Après 50 ans d’existence, il est bon de s’arrêter et de regarderle chemin parcouru. La section Pierre-Le Gardeur, qui couvre la partie sud-est de Lanaudière, en est à cette étape. Voici une brève rétrospective de l’histoire de la section. La section Repentigny est née le 21 octobre 1963 quand 35 personnes se réunirent à l’école La Purification de Repentigny (devenue plus tard l’école Alphonse- Desjardins, puis Soleil-de-l’Aube). On était porté par l’enthousiasme de la Révolution tranquille, mais, fait amusant, l’assemblée de fondation se termina par le « Ô Canada »!

La section Repentigny va devenir la section Le Gardeur en janvier 1972, à la suite de l’absorption de la section De Lorimier de L’Assomption. Nouveau changement de nom pour Pierre-Le Gardeur en 1987, de manière à éviter l’identification avec la seule ville de Le Gardeur.

Au premier président, Jacques Vadboncoeur, succédèrent, entre autres, Marcel Coderre (1964-1969), Jean-Marie-Cossette (1970-1973), Léon Simard (1974-1978), Aurélien Boisvert (1978-1981), Émilien St-Maurice (1982-1984), Claude Richard (1986-1989), René Asselin (1994-1996; 2005-2006), Yolande Gingras (1999-2004) et Claude J. Allard (2006-2010; 2011-2013).

Il y eut des hauts et des bas durant ces 50 ans.

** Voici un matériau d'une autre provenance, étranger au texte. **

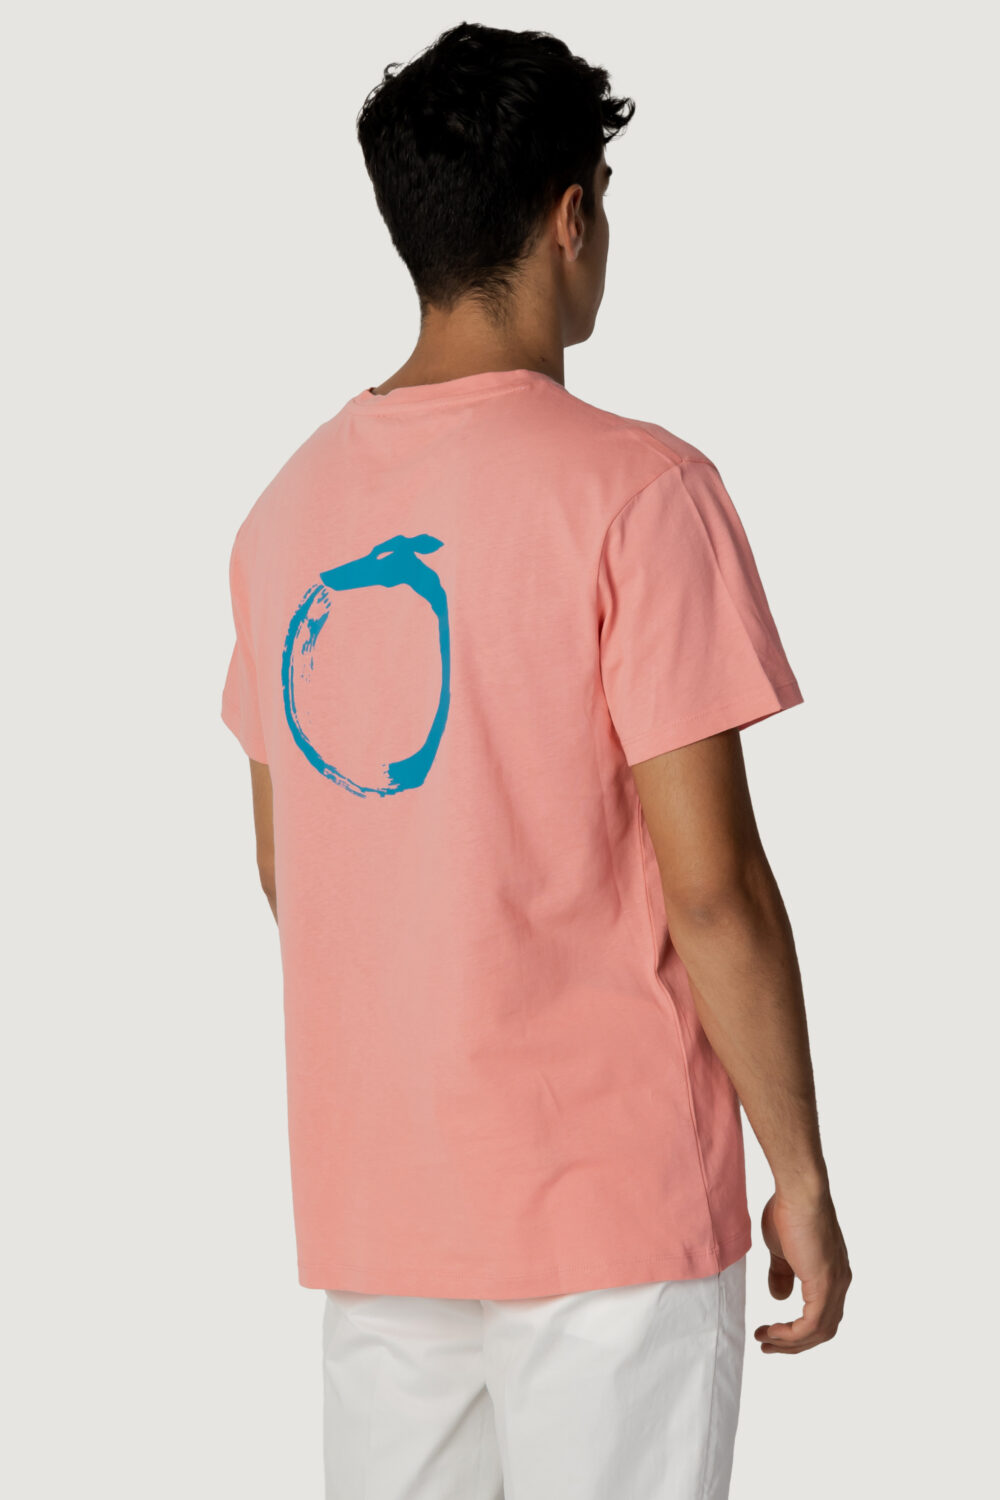 T-shirt Trussardi Beachwear logo Pesca - Foto 3

Si, certaines années le nombre de membres a atteint presque 200, d’autres années les effectifs ont été réduits à quelques dizaines. Ce fut le cas vers la fin des années 1960. En pleine Crise d’octobre, il n’y eut que neuf personnes de présentes à l’assemblée générale du 8 novembre 1970 qui porta à la présidence de la section Jean-Marie Cossette, frais sorti d’un séjour en prison, sans procès évidemment, gracieuseté de Pierre Elliot Trudeau. Les troupes se regarnirent.

La section a tenté d’influencer le milieu en touchant à beaucoup de choses. Mais les lignesd’action – et de force – de la section sont toujours restées la langue, le statut politique duQuébec, l’histoire nationale et les valeurs québécoises.

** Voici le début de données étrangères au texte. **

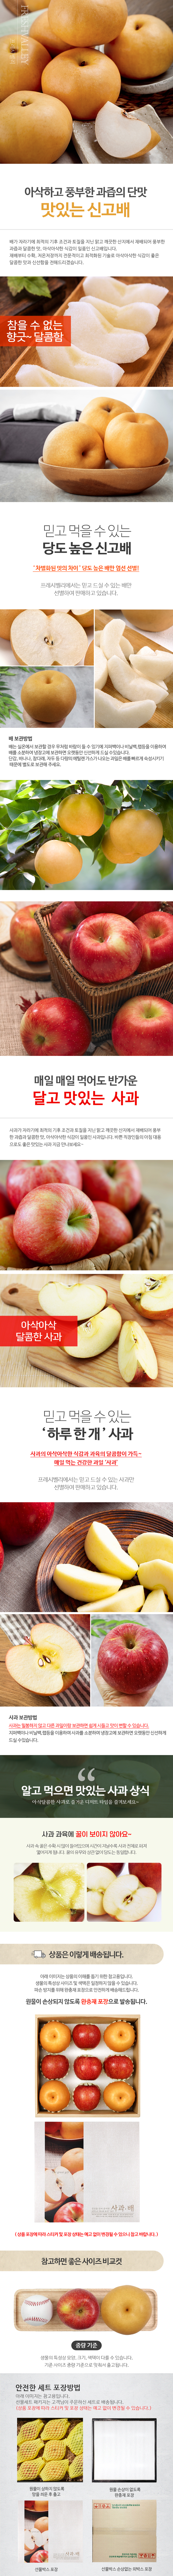 프리미엄 사과 배 혼합선물세트 4kg 내외 (사과 5과 + 배 4과)

En matière de langue, dès les débuts, on s’attaqua à ce qu’on appelait alors la francisation. Car on n’a pas idée, malgré l’anglicisation relative des raisons sociales actuelles, combien, avant la loi 101, les commerces francophones étaient affublés de noms anglais comme Bob Steak House, Gould Auto Body, Montréal-Nord Tire Shop, etc. On fit pression sur pression. En 1975, le président, Léon Simard, s’adressa au gérant du magasin Dominion (transformé par la suite en Provigo) pour lui signaler que 99 % des affiches au comptoir des viandes étaient en anglais et que cela était inacceptable.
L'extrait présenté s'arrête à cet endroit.